Gayatri: Because there is a really complicated checkpoint cross between Baghdad and Fallujah and that’s like the, it’s, it’s controlled by five different bodies. So the military, the intelligence, the interior ministry, the army and the police,
Justine: Goodness gracious.
Gayatri: And you have to get a clearance from all of them to be able to cross in and out. And there’s always something that’s missing. I mean, fair enough because it’s a country that’s facing a lot of problems when it comes to internal security. So I completely understand that. They want to be absolutely sure who’s passing through and coming back in . And then you have equipment that looks, you know, VR equipment is not very commonly. It’s hard to explain what it is. So we spend like hours and hours at checkpoints and that means that the time you have to actually go and do your work is very limited because there’s also, you know, by sunset you need to be back in the hotel because it’s not as safe to be on the road when it’s late. So you had maybe a day that would be four or five hours and you had to be very, very concentrated and get as much work done.

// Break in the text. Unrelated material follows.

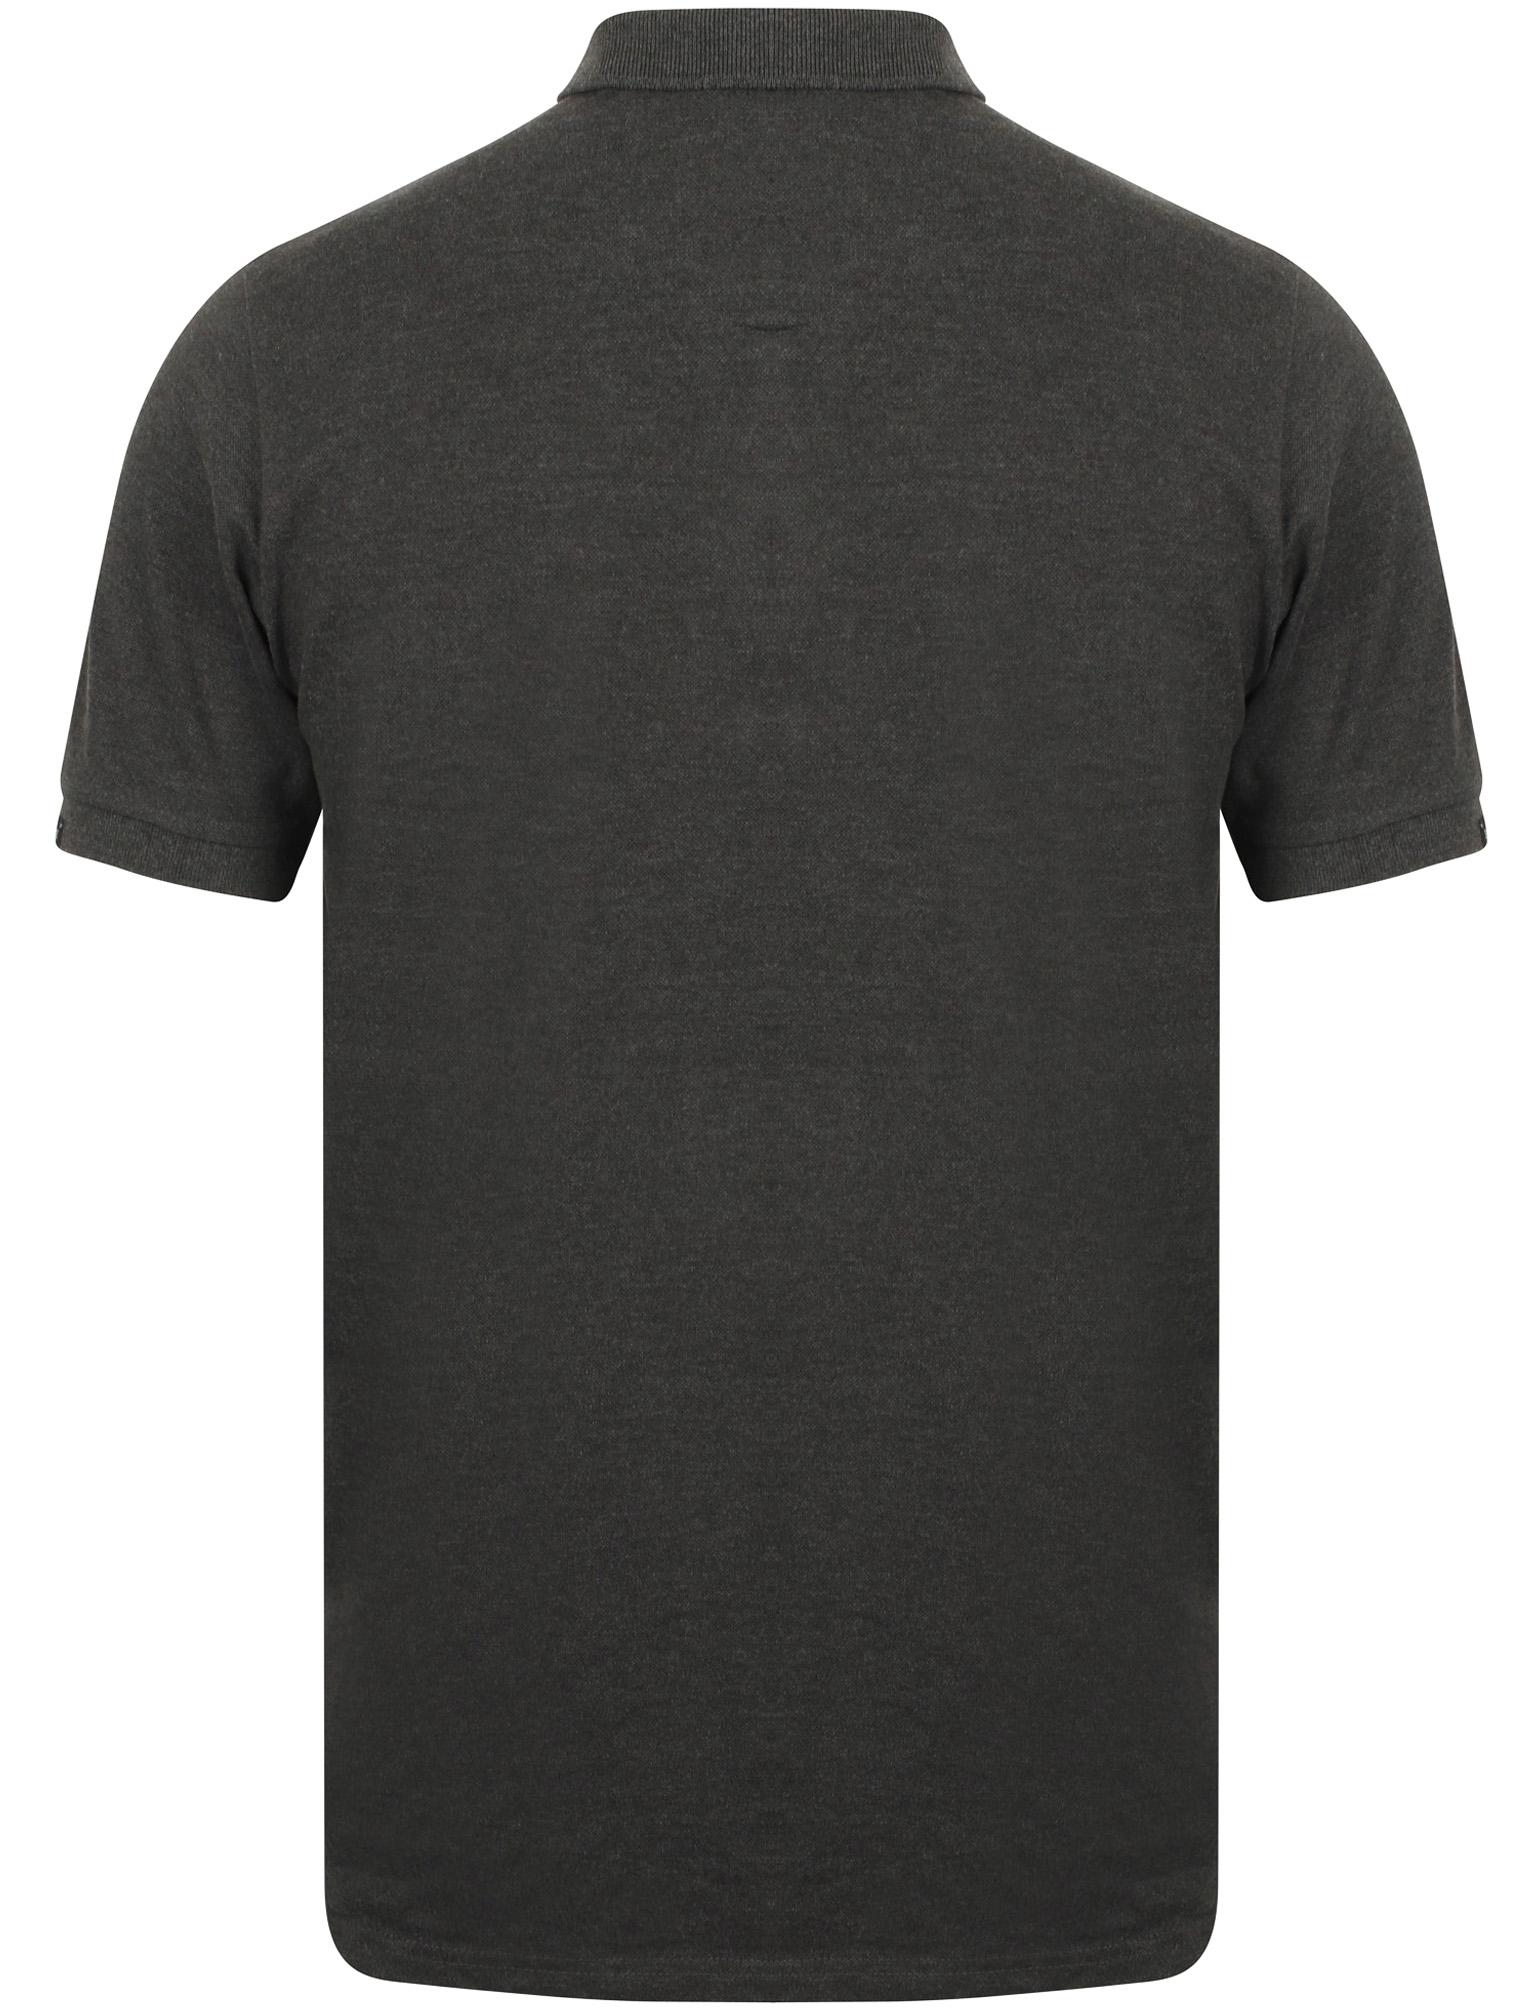 New-Mens-Tokyo-Laundry-Branded-Kuusamo-Cotton-Rich-Pique-Polo-Shirt-Size-S-XXL thumbnail 20

And we were working, we were using photogrammetry to create, the piece. And, sometimes we had to, you know, when the light went down, we had to… In total we made about 5,000 pictures of the, of the house of Amines House and in the experience then you can walk through this house and meet him and speak to him. And in this process of making these pictures, sometimes the, the light was not so good, so we had to make you know, long exposure pictures and you can imagine like every photo taking seven seconds and you have to take 400 pictures in a room or is that, it takes a long time. So it was high, like high pressure and you can’t make mistakes. That was really difficult.
Justine: Wow. Yeah. 450, you know, perfection times for 50 that’s a complicated formula. Wow. This has been a very illuminating conversation. Thank you so much Gayatri speaking with us and I wish you more success and even more funding for your, for your two projects.
Gayatri: Thank you. Thank you so much Justine.
Home after war
Home After War was directed by Gayatri Parameswaran from NowHere Media in partnership with the Geneva International Centre for Humanitarian Demining (GICHD). The experience takes the viewer into the tragic, real-life story of an Iraqi family’s return to Fallujah after being displaced from their home by war. Viewers walk through Ahmaied’s home, which still shows signs of damage, hearing his story and learning about the ever-present threat posed by IEDs and what it’s like to fear the home you once loved.
In the VR experience KUSUNDA, you explore the memoirs of Gyani Maiya Sen, an 83-year-old indigenous woman who is the last speaker of an endangered language. By using your voice to speak in Kusunda, you trigger interactive journeys into Gyani Maiyas past and learn about a unique language and culture.